I would say between 3 and 5 weeks is fine for them to lay. What substrate do you have in her lay box? If she didn't use it last time it may be that she doesn't like whats in it. The method I use is to pile up damp sand in the corner of the viv for her. She wont use it if its in a box.


----------



## The Roach Hut (Mar 29, 2008)

they dont always lay more than one clutch but it has been known for them to lay up to 7. she be fine its the usual drill she looking for an ideal area. after 6 weeks take her to vets to check she ok but give her til week 6


----------



## bodypiercedmale (Apr 10, 2008)

we didnt know she was preggers.we come home one night and there were eggs all over the viv. so the 1st clutch all died as we wernt prepared. this time she been in a seperate viv same substrate (sand) with a box of damp sand. she is shedding aswell atm and no signs of digging. Just gave her a batch aswell. and she still eating.
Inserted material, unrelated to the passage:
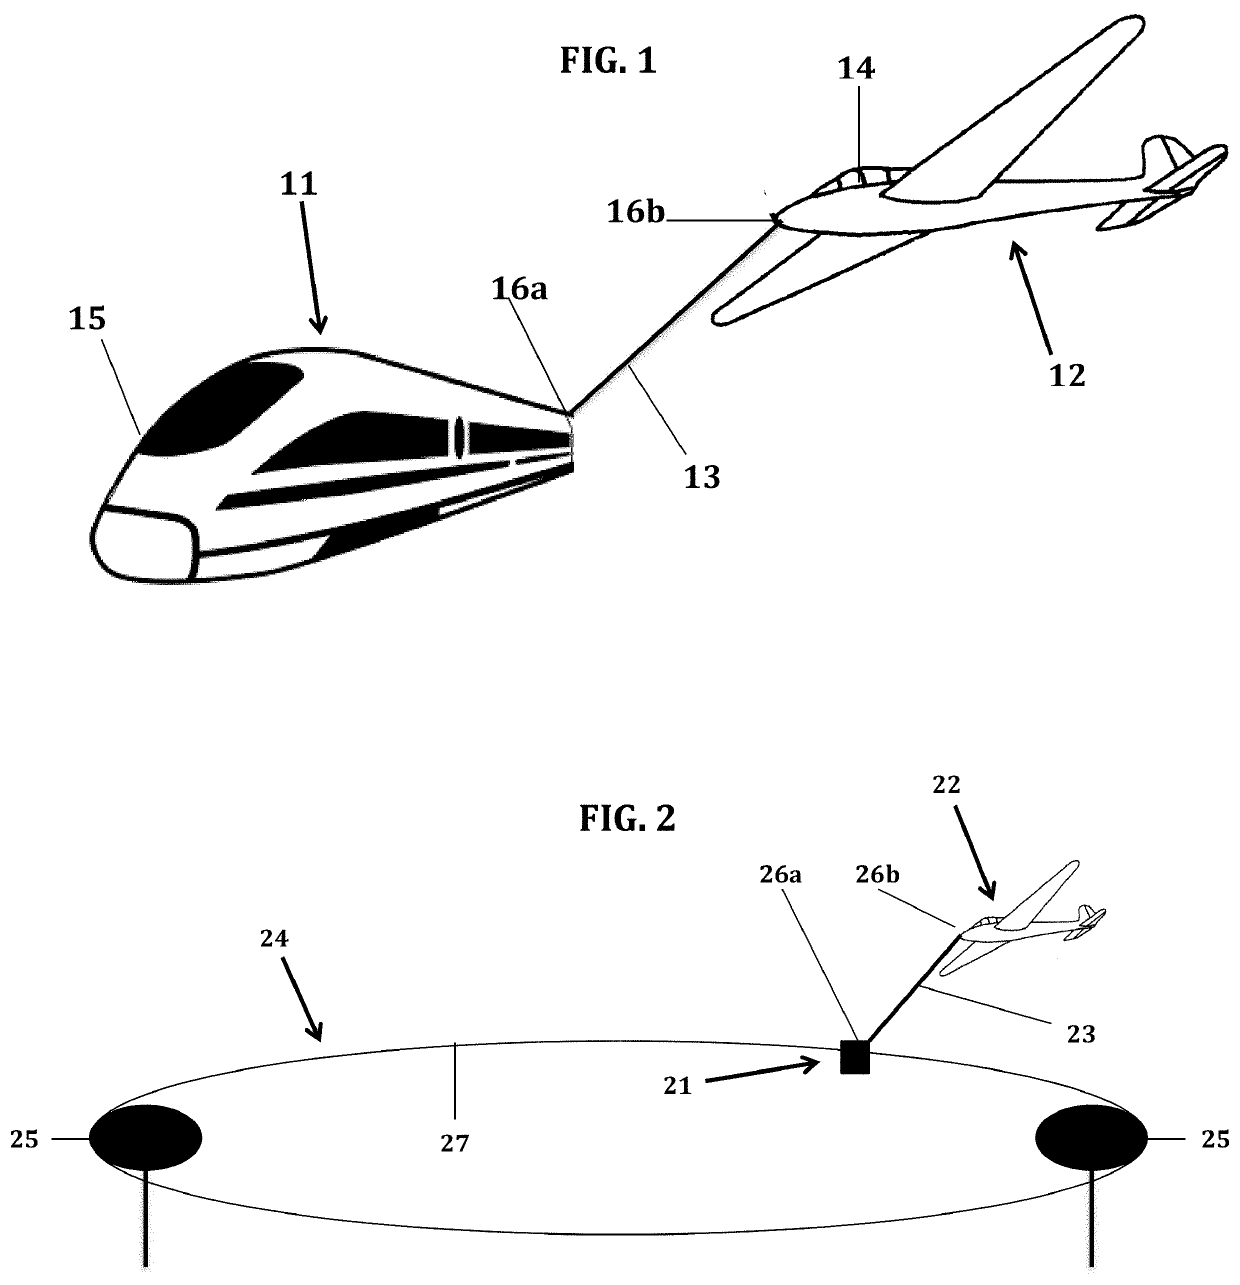 Hybrid air transportation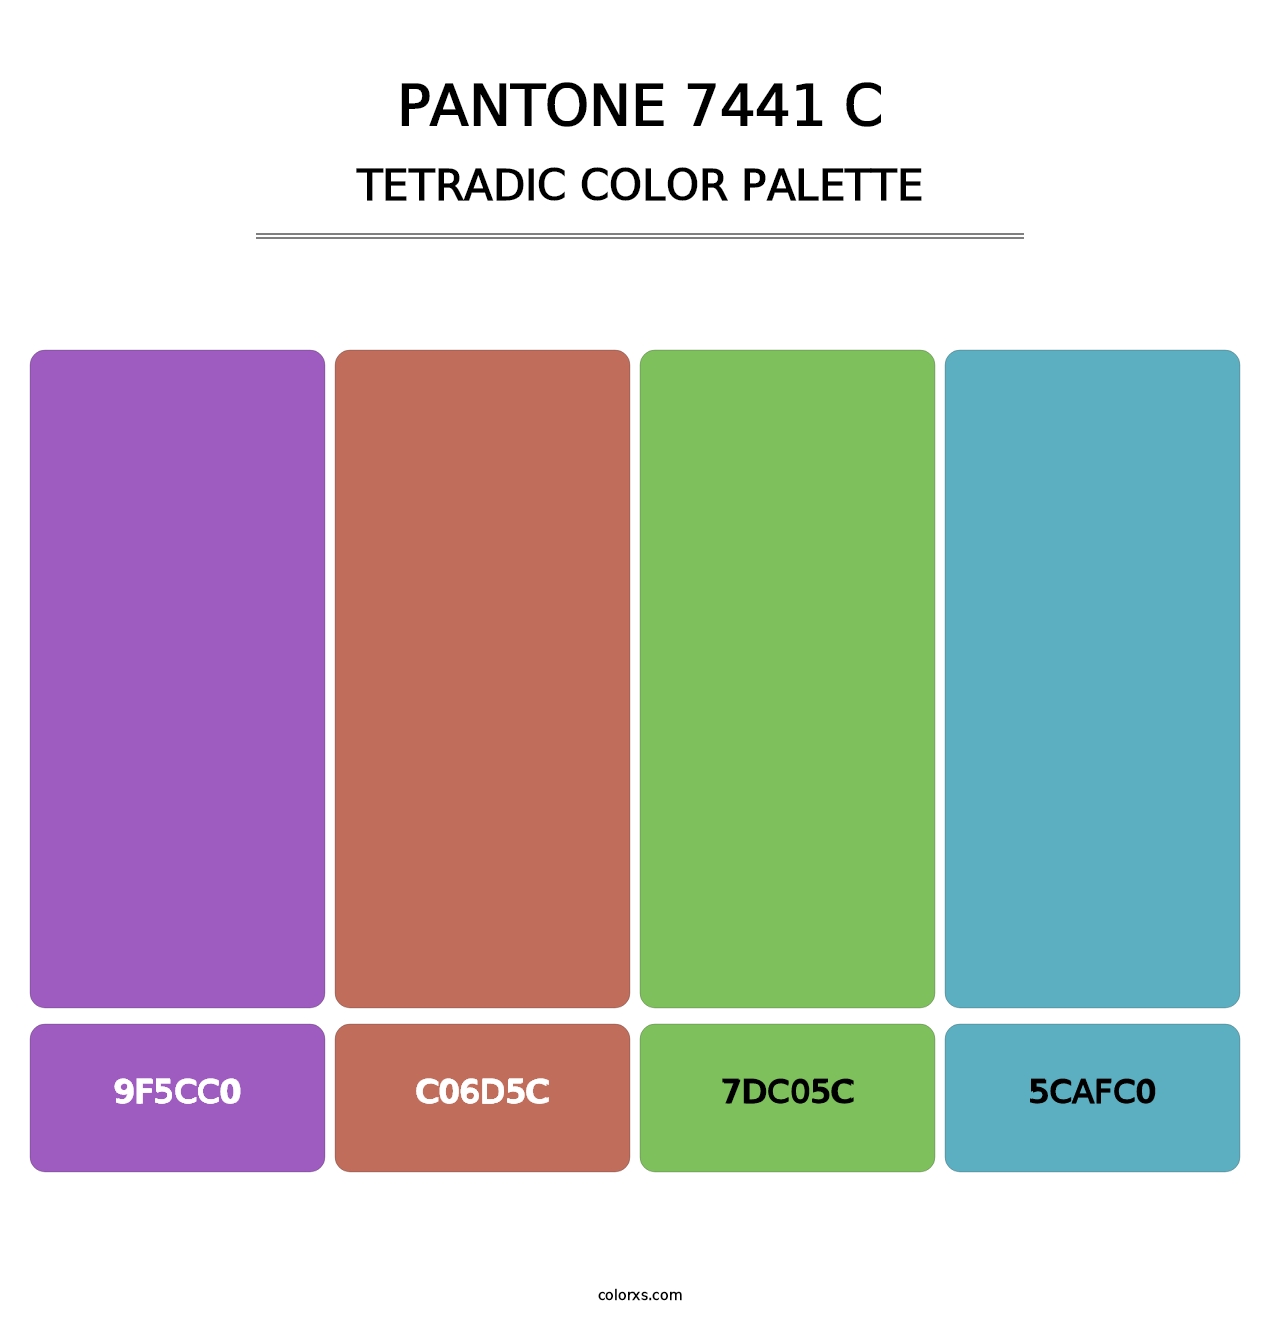 PANTONE 7441 C - Tetradic Color Palette

She definatly got eggs as can feel them either side of her


----------



## The Roach Hut (Mar 29, 2008)

bodypiercedmale said:


> we didnt know she was preggers.we come home one night and there were eggs all over the viv. so the 1st clutch all died as we wernt prepared. this time she been in a seperate viv same substrate (sand) with a box of damp sand. she is shedding aswell atm and no signs of digging. Just gave her a batch aswell. and she still eating.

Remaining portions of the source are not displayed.